● **WORK REQUEST**: Where a line below includes the word "Stock", copy that line.

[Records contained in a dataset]
═══

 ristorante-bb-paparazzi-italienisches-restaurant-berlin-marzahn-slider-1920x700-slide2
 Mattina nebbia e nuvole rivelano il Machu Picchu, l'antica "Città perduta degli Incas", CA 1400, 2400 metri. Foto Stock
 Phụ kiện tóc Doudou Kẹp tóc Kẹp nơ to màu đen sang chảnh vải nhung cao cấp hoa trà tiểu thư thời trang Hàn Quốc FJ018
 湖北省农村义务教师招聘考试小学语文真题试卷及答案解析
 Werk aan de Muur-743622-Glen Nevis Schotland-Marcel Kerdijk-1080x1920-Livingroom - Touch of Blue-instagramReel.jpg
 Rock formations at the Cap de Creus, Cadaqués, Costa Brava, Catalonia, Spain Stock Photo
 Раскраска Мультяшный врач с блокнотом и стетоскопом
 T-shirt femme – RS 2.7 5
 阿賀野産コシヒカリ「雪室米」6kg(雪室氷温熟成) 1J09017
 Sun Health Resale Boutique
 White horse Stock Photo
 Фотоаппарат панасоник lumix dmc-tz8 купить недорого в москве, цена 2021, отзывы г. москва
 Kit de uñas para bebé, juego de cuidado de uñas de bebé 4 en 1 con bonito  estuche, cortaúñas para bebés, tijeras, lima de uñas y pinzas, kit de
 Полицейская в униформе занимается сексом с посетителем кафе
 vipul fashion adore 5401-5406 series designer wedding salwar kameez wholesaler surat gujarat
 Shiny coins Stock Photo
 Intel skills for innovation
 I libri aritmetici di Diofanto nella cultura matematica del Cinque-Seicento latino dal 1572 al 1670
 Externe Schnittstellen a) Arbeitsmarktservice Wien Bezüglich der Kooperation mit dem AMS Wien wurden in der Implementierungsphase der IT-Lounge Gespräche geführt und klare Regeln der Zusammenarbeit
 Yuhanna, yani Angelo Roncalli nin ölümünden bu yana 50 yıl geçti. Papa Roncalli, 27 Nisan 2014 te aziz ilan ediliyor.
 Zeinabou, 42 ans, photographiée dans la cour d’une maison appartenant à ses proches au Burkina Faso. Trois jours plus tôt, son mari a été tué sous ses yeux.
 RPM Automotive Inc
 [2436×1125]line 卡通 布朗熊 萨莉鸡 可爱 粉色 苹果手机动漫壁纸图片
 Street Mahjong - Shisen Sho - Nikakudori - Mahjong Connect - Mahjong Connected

═══

● **SOLUTION**:
 Mattina nebbia e nuvole rivelano il Machu Picchu, l'antica "Città perduta degli Incas", CA 1400, 2400 metri. Foto Stock
 Rock formations at the Cap de Creus, Cadaqués, Costa Brava, Catalonia, Spain Stock Photo
 White horse Stock Photo
 Shiny coins Stock Photo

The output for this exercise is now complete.